17. Юрий Тынянов[523]
Мне кажется, что с Юрием Николаевичем Тыняновым я никогда не знакомилась, а была знакома всегда. Тынянов был одним из постоянных обитателей нашего мира. Он был молод, но уже прожил большую, неизвестную мне жизнь, которая протекала где-то в русской провинции, окончил Петербургский университет, знал литературу русскую и западную, знал западные языки, знал бесконечно много. Он был молод и стоял за молодость. Он приходил к «Серапионовым братьям», и его суждения выслушивались с большим вниманием, хотя он и не был нашим мэтром.
Он работал в издательстве «Всемирная литература», во главе которого стоял Горький.
Тынянов состоял в Вольной философской ассоциации, в просторечии Вольфила, где властвовали Сологуб, Кузмин, Блок, принимавшие его как равного, где Юрий Николаевич вел яростные споры с Ивановым-Разумником, Мейером, Штейнбергом.
Он бывал в издательстве, где его появление вызывало порыв свежего ветра. Мы часто встречались на улице и тогда шли вместе по Невскому на Пески до Греческого, на котором он жил, или на Загородный, где жила я. Мы говорили, говорили, говорили. О чем? О политике, о революции, о новых явлениях в литературе, об истории литературы.
В 1922 году я получила по почте от Ильи Григорьевича Эренбурга его первый роман «Хулио Хуренито»[524]

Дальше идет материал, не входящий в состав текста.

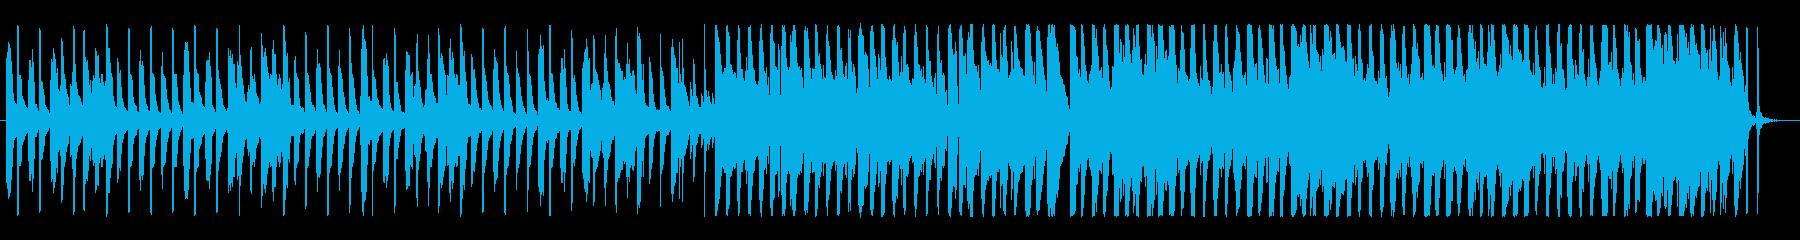 人気の口笛メロディ。明るく楽しいポップ。の再生済みの波形

и написала реферат об этой книге для Вольфилы. Вольфила помещалась на Фонтанке, в доме 50, в квартире, которую использовали для собрания Союза поэтов. По вечерам, начиная с 6 часов, электрические лампочки горели вполнакала. Президиум сидел за большим столом, докладчик за маленьким столиком, а слушатели рассаживались согласно собственным симпатиям в большом зале, кто где хотел. Обычно там бывали Анна Васильевна Ганзен, М.Л. Лозинский, Евгений Замятин, В.А. Зоргенфрей, Петр Губер, Зуккау, Е.Я. Данько, В. Боцяновский, Бенедикт Лившиц, Кржевский и многие другие.